The Power of Contact

May 6, 2010
By

It was made cliché in an old airline commercial, I know, but there really is something to be said for sitting amongst a group of other humans – or across the table from just one – and getting ideas out in the open, in person.

No keyboards, no webcams, no e-mail, no newsgroups, no facebook… you get the idea.

A reminder of the power of contact came when I sat down recently with about 15 other people in a real living room for actual conversation about local issues and how to attack some of the most pressing.

Though many of us had never met and affiliations were never mentioned, we were all DFHs, and (by the end of the discussion at least), we all knew it. Some of us worked within the local Democratic Party, some did not. But something else we all knew is that our city and its quality of life is being screwed by a combination of ol’ boy networking and complicity and/or cluelessness and/or non-caring of certain city staff, depending on the individuals involved.

The electricity in that room was something you just can’t get without breathing-the-same-air contact, and it generated projects – actual work to be done, with actual objectives to connote when the work had been successful. In a word: Activism.

The value of that is – well, it’s invaluable.

There are certain things I turn to again and again to keep what my spouse calls my “little activist self” charged up. One is this place, certainly, and I’m eternally grateful to Jane and everyone at FDL for all they do. Another is the first 11 minutes of the George Carlin CD, “What Am I Doing In New Jersey,” perhaps the most succinct methodical, surgical, exacting discussion of What’s Ailing America ever conceived. Yet another is pretty much any song on a collection called “Phil Ochs In Concert.”

But this thing – real contact with peers who give a shit – trumps them all.

Hang out on the Internet (or the lunchroom at work, or in front of the TV, or listening to the radio) long enough, and it’s easy to get the notion that because our national political process is as useless as a turd in a swimming pool, so are the efforts we might make to change it. Or that those people who once identified with the Democratic Party because of the stands it once took and have continued to stand by it despite the national organization’s cluelessness are themselves clueless.
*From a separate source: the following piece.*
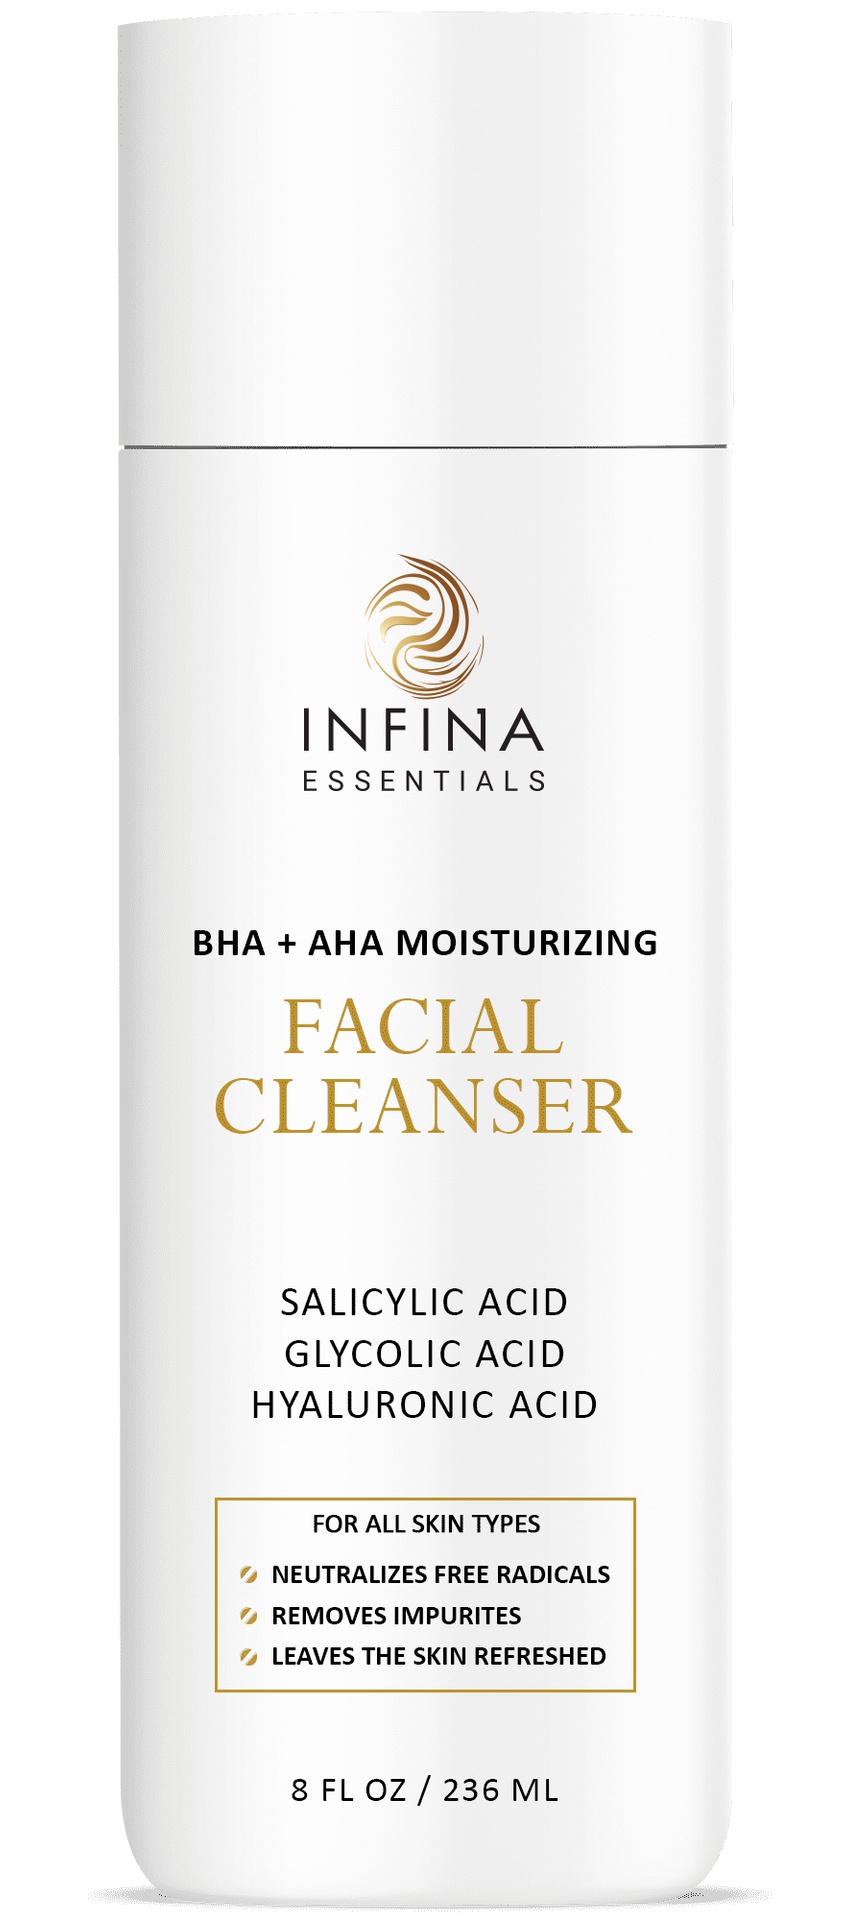 Infina Essentials Facial Cleanser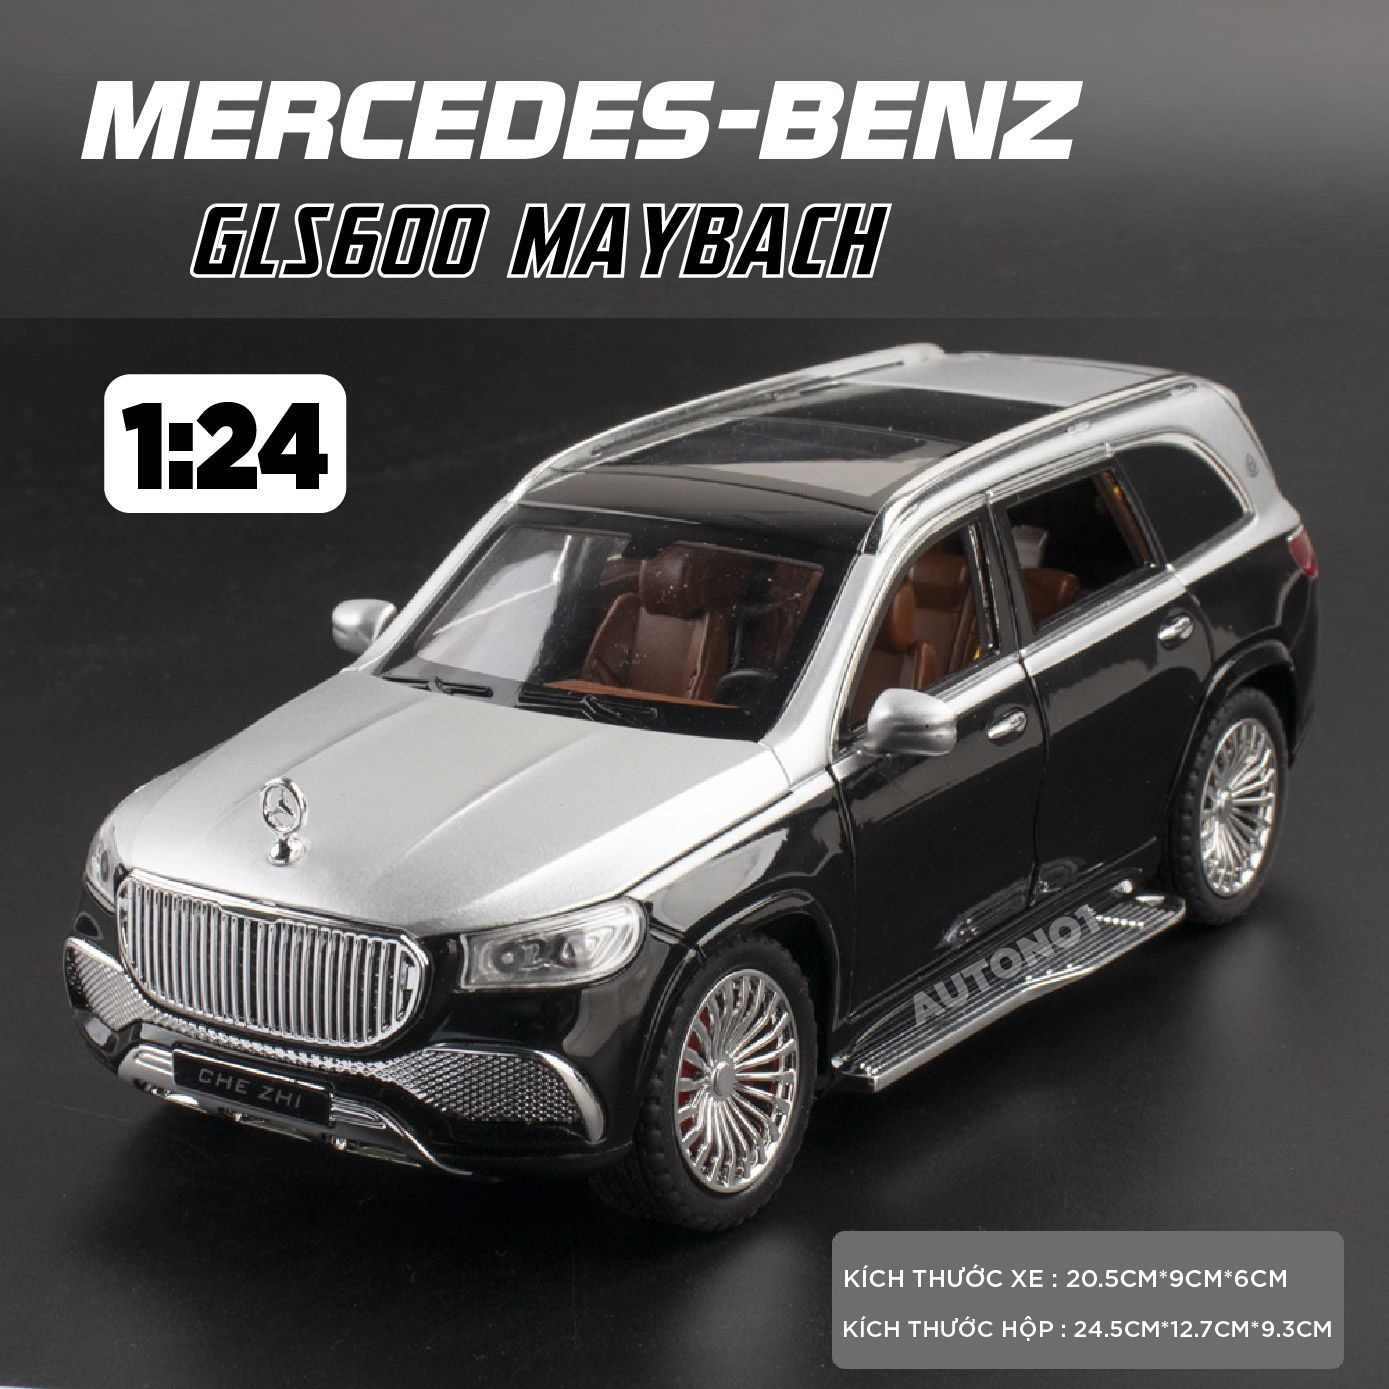  Mô hình xe Mercedes-Benz GLS600 MayBach full open có đèn có âm thanh bầu trời sao tỉ lệ 1:24 Chezhi OT437

Neither is the case, and Jane has done a great job of keeping that perspective at times when it has been elusive to me.

We all want the national leadership to get a fucking clue, even as they prove day by day that they are disinclined to do so. But we do a great disservice to our own efforts in building whatever will eventually usurp this useless apparatus if, rather than simply cutting the grass, we burn the grassroots.

Yeah, I’m a malcontent, but I’m not a pessimist; my natural skepticism doesn’t mean I lack faith that things can get better. If you can understand that, consider taking one day each week to get out from behind (or maybe from under!) your keyboard and visit the outside. Figure out what’s making your world – not The World, just yours – tick. Pull it apart and put it back together. Look for people in your neighborhood or city or town or township or county who are doing the same thing. You’ll find them in service organizations, neighborhood associations, on college campuses and countless other places, like – believe it or not – your local Democratic party committee, or down at the municipal building, in one capacity or another.

But know this: There are a bunch of them, many more than you think, and they are just as frustrated as you are.

Making contact with them can change your world.

And that, over time, is how we’ll change The World.